Given is an ELF, which is a Rust binary, and a Verilog file which contains a ‘circuit’.

Example command line input:

Server: ./smcauth verify --netlist smcauth_syn.v --secret $(python -c 'print "A"*(256/8)')
Client: ./smcauth auth --netlist smcauth_syn.v --verifier 127.0.0.1:5331 --secret $(python -c 'print "A"*32')

The verify command runs a server and the auth command runs a client (ostensibly, the challenge server is running as verify). The server (verify) takes --netlist, which is supposed to be the verilog file, and a --secret, which must be 32 printable ascii characters. The client (auth) takes --netlist (the verilog file), --verifier, which is the IP of the server, and --secret (also 32 printable ascii). When the server runs with a secret x, if a client connects with the same secret x the server will return “INFO authentication successful”, but if a client connects with a different secret y the server returns “WARN authentication failed”. We figured that the secret being passed by the server would be the flag, and it was incumbent upon us to input a secret that evaluated successfully.

Solution

From the circuit given and the behavior, it was easy to deduce that this was a Garbled Circuit . If you aren’t familiar with these, I’d highly recommend reading through the protocol before continuing.

In our case, the server is the “generator” or “garbler”, referred to as Alice in the Wikipedia, and the client is the “evaluator”, referred to as Bob. Assuming the ELF implements this protocol as we expect the following will occur. Once connected to the server, the server will then garble the circuit and send it and their encrypted inputs to us. They will also send us our encrypted inputs through Oblivious Transfer Protocol. We (the client) then input their and our encrypted inputs into the garbled circuit, evaluate it, and receive an output which we send to the server, and the server interprets it as either true or false, and replies as such.

First, we went about determining what the circuit evaluated. It was easy to figure out that the circuit was evaluating equality by running the program. However it was much harder to understand exactly what the binary was doing, that is, whether the ELF actually implemented the protocol as expected. The binary was Rust and a mess to reverse engineer (thanks tokio), so we instead looked at the network traffic between a client and server both run locally. Guessing that the protocol was implemented as we understood it, we examined the packets sent and received by the client. After the first sendto()s and recvfrom()s which began the session, we figured that the first giant set of packets received by the client must be the garbled circuits and the server’s encrypted inputs. After running the client multiple times with the same and then different secrets (but with the same instance of the server running) we could see that there was little change in the data we assumed to be the garbled circuit. This allowed us to infer that the server uses the same garbled circuit multiple times.
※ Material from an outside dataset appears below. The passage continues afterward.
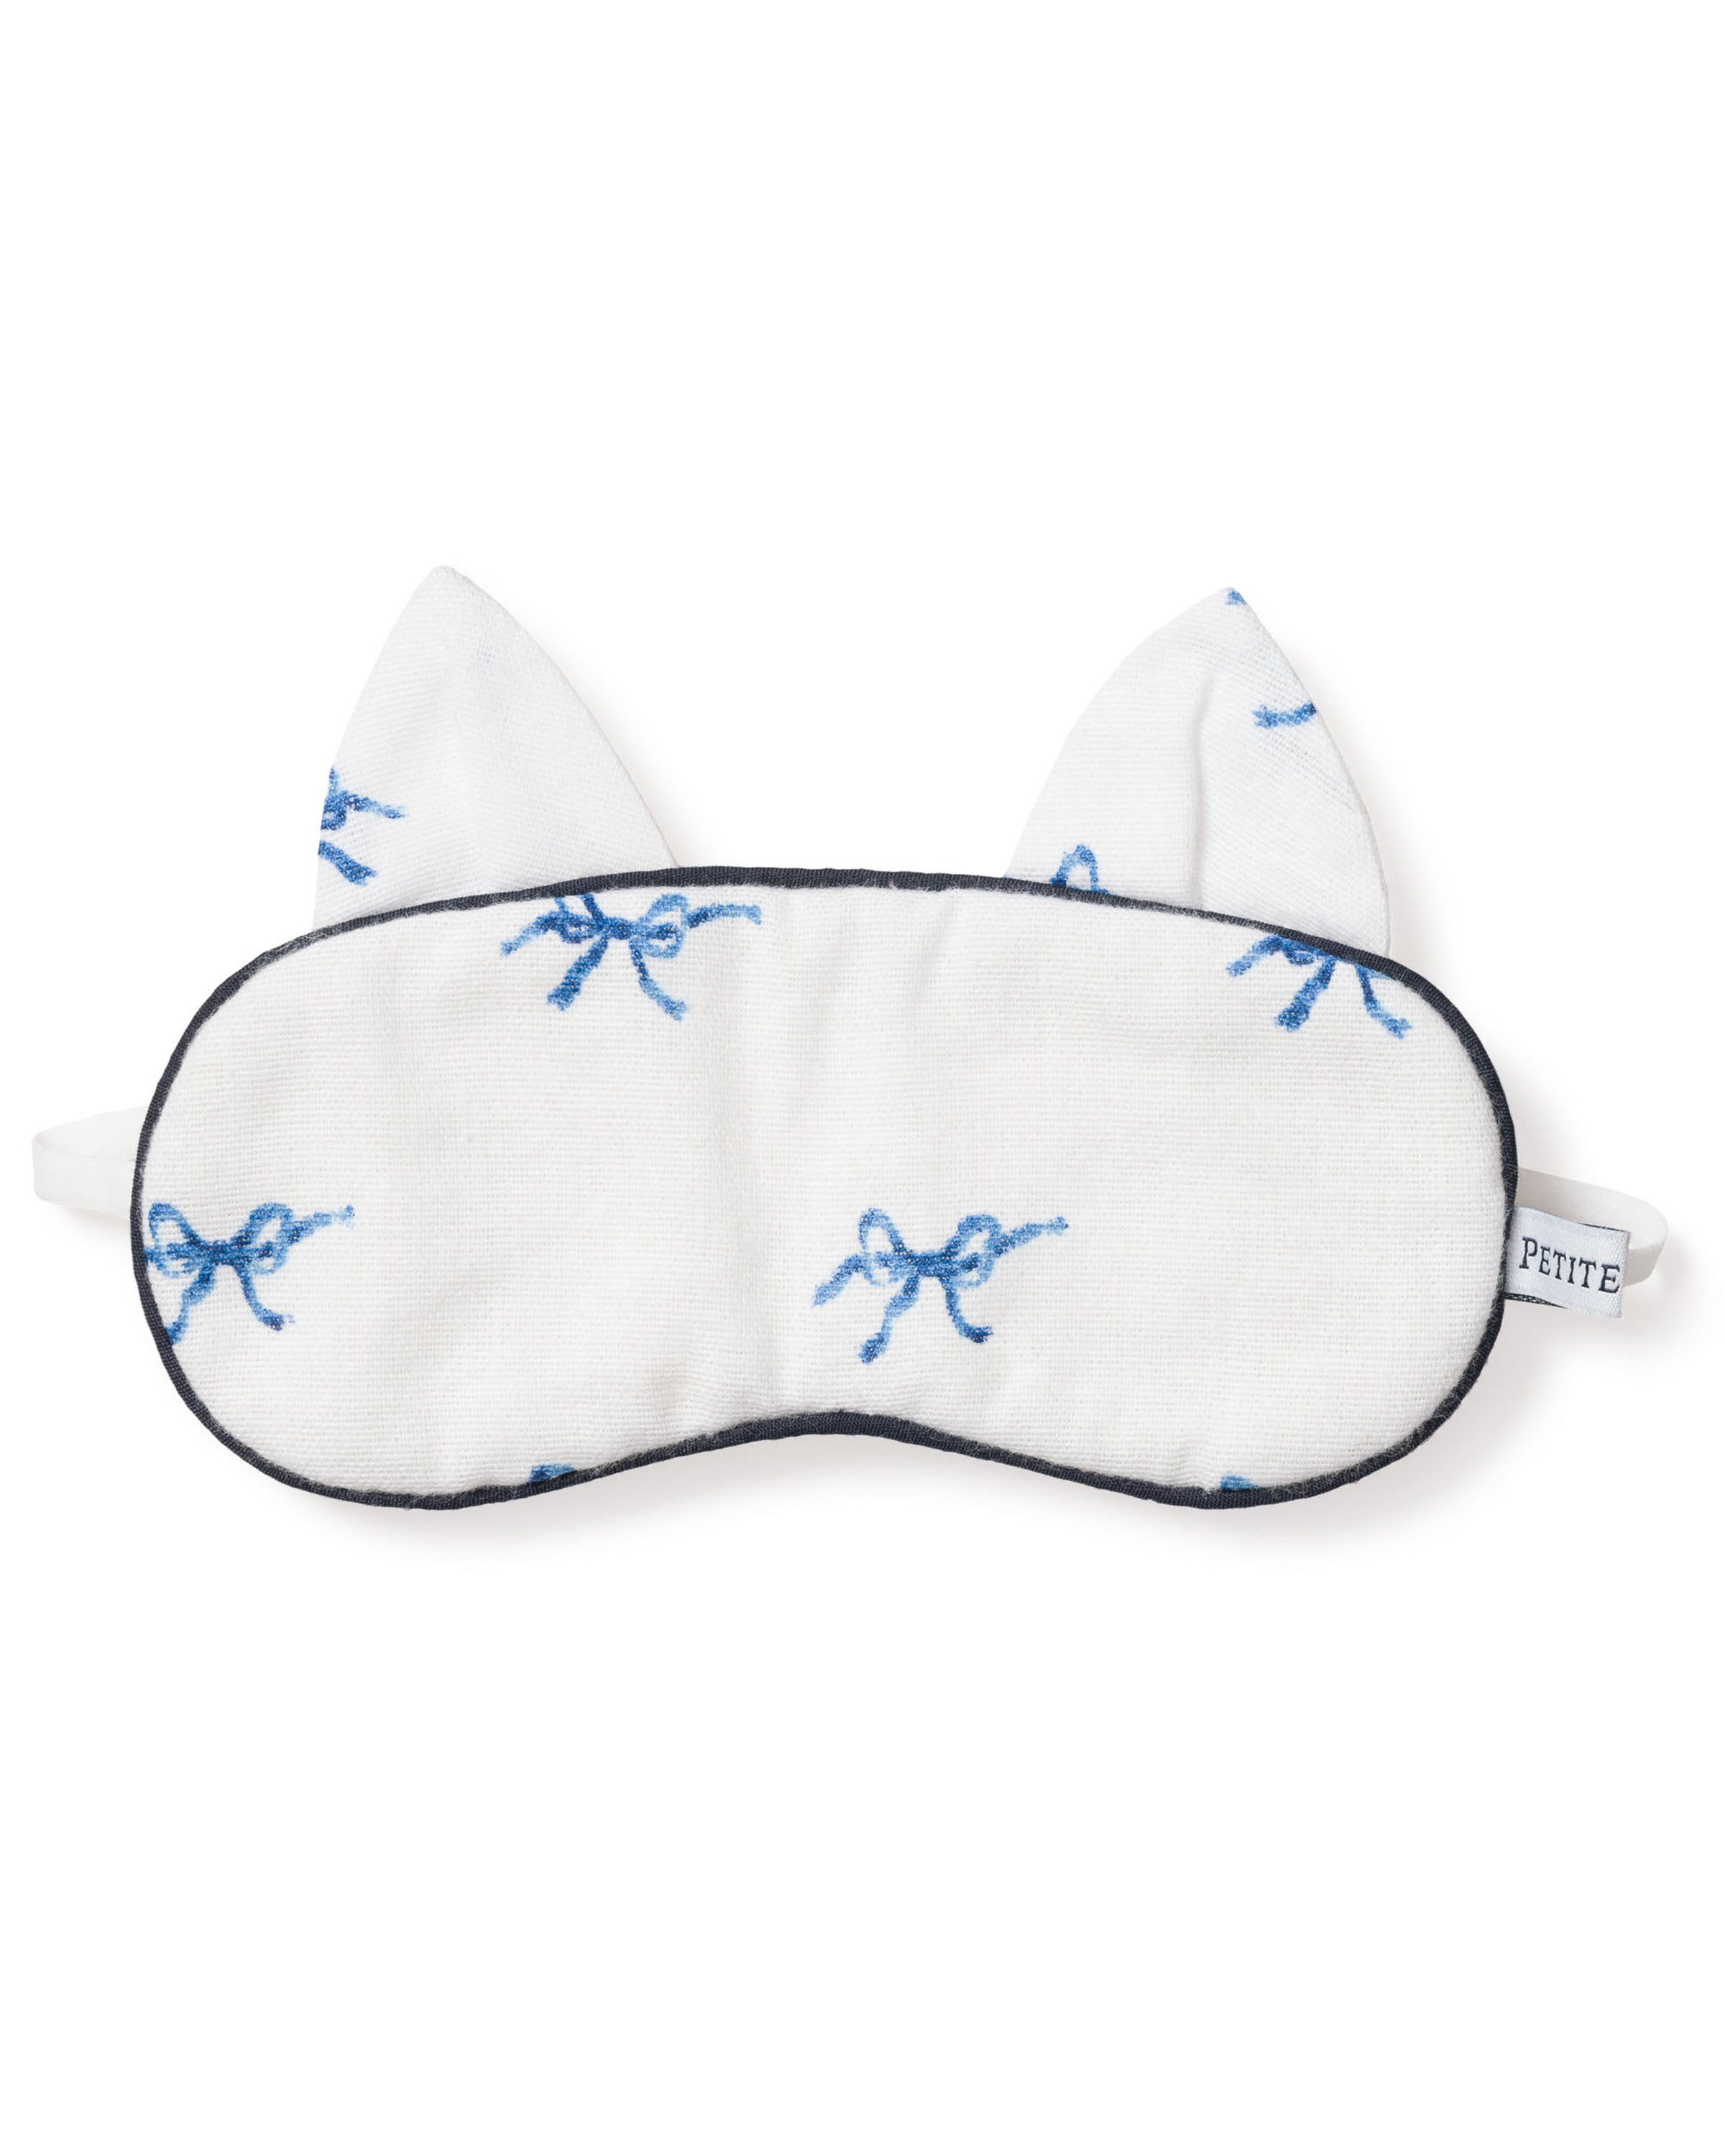 Kid's Kitty Sleep Mask in Fanciful Bows

One key aspect of the garbled circuit protocol is that, in its general form, it is single use only. Here, the multiple uses of the same garbled circuit and the same secret allow us to input multiple secrets that can leak information about servers encrypted input. For instance, if the client can input a secret with bit i as 0, and then again with another secret with bit i as 1, we can compare gate outputs and work backwards to figure out bit i of the server’s secret. This would be complicated by XOR gates, which unlike the NANDs won’t directly reveal the server’s bit, but hopefully this could be solved through some z3 magic.

However, the problem with this attack is that it is necessary to see the intermediate gate outputs of the circuit, not just the final output. But we don’t have the source code, we just have a (pretty gross) binary. So to figure out the gate outputs we decided to step through the binary as it was evaluating the circuit, which necessitated finding where in the binary it did this. After several failed approaches (and too much time staring at decompiled Rust) we figured out we could target it at where the evaluation decrypts the table entries for each gate. The general garbled circuit protocol permutes the rows in the truth table corresponding with each gate so that the evaluator can’t identify the encrypted labels for the 0 and 1 gate outputs, respectively. In order to identify the correct table row given two input bits, one tries to decrypt each entry in the table, and identifies the correct one because it is padded with specific bits (there are optimizations that prevent the need to decrypt every entry, but this implementation didn’t use them).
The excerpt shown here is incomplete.